Make five small rolls in turn
7.
Gently rub the sushi roll back and forth with your hands, the round shape is better!
8.
Spread most of the remaining seaweed under the five small rolls! Put three rolls on the bottom and Japanese radish on the middle roll! The remaining two are around the radish!
9.
Wrapped with sushi curtain
10.
Look at the side of the sushi to make sure the plastic is uniform! If they are inconsistent, hold a part of the sushi roll in your hand and adjust the position! Then squeeze a little bit!
11.
Cling wrap on the sushi curtain! Take another piece of seaweed and spread the rice mixed with sushi vinegar evenly! Put the finished roll in the middle!
12.
Roll the sushi tightly and gently pinch it evenly at the front and back, as shown in the picture, don't take the plastic wrap!
13.
Place the sushi inside the rolling curtain and roll it round so that only the cut part is exposed! Dip the knife with boiled water. Dip it with water every time you cut a slice. Don't be afraid of trouble, so that you can cut beautiful and clean rolls!
14.
The beautiful Sakura Sushi is ready! Isn’t it beautiful? My son got up and saw this sushi and couldn’t help asking: Mom, did you make this or you bought it! Stupidly confused! Haha!
Tips:
1: Cook rice with rice and glutinous rice. You don't need to buy rice deliberately. You can cook sushi rice with distinct grains and stickiness!
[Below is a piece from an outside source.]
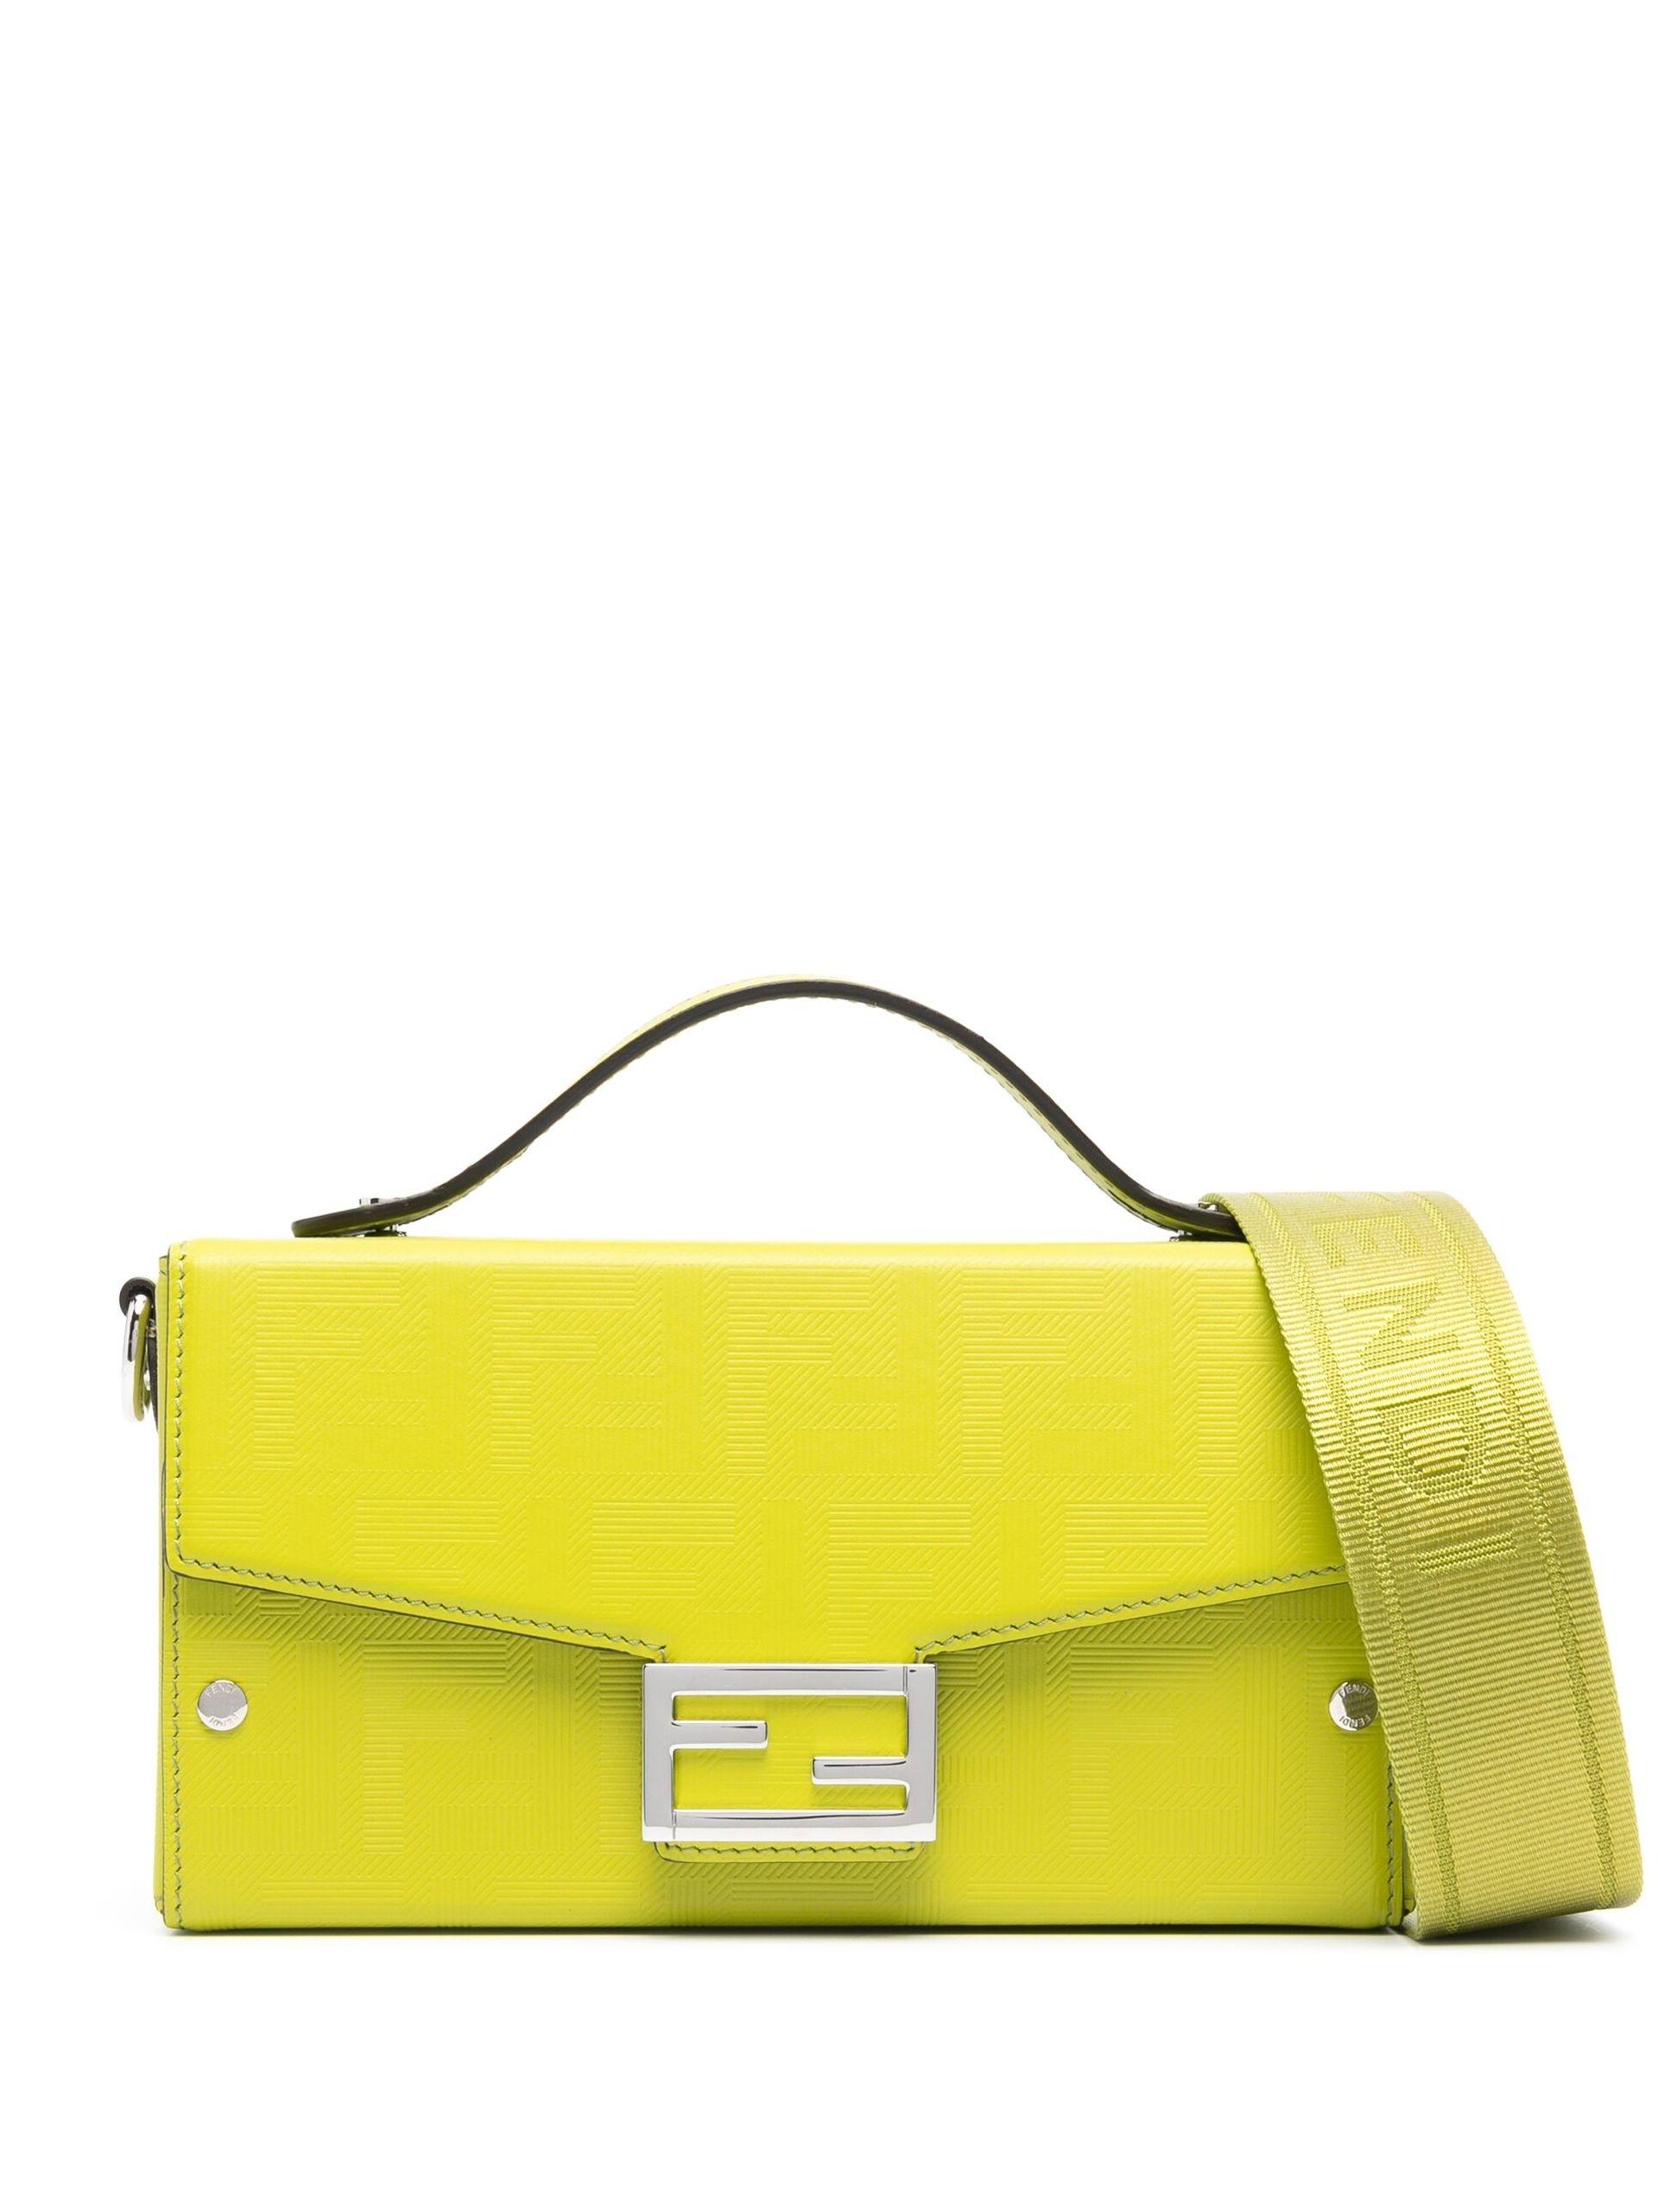 Fendi Soft Trunk Baguette Shoulder Bag in Yellow

2. Wear disposable plastic gloves when putting sushi rice, it's really hygienic and easy to make!
3. The sushi is wrapped, do not take the plastic wrap, it is not easy to deform and spread when cutting!
4. The sushi roll is cut in the rolling curtain, and it is still beautifully round after the cut!
5. When the five small rolls are inside the sushi, look at the side to make sure they are consistent. They look good!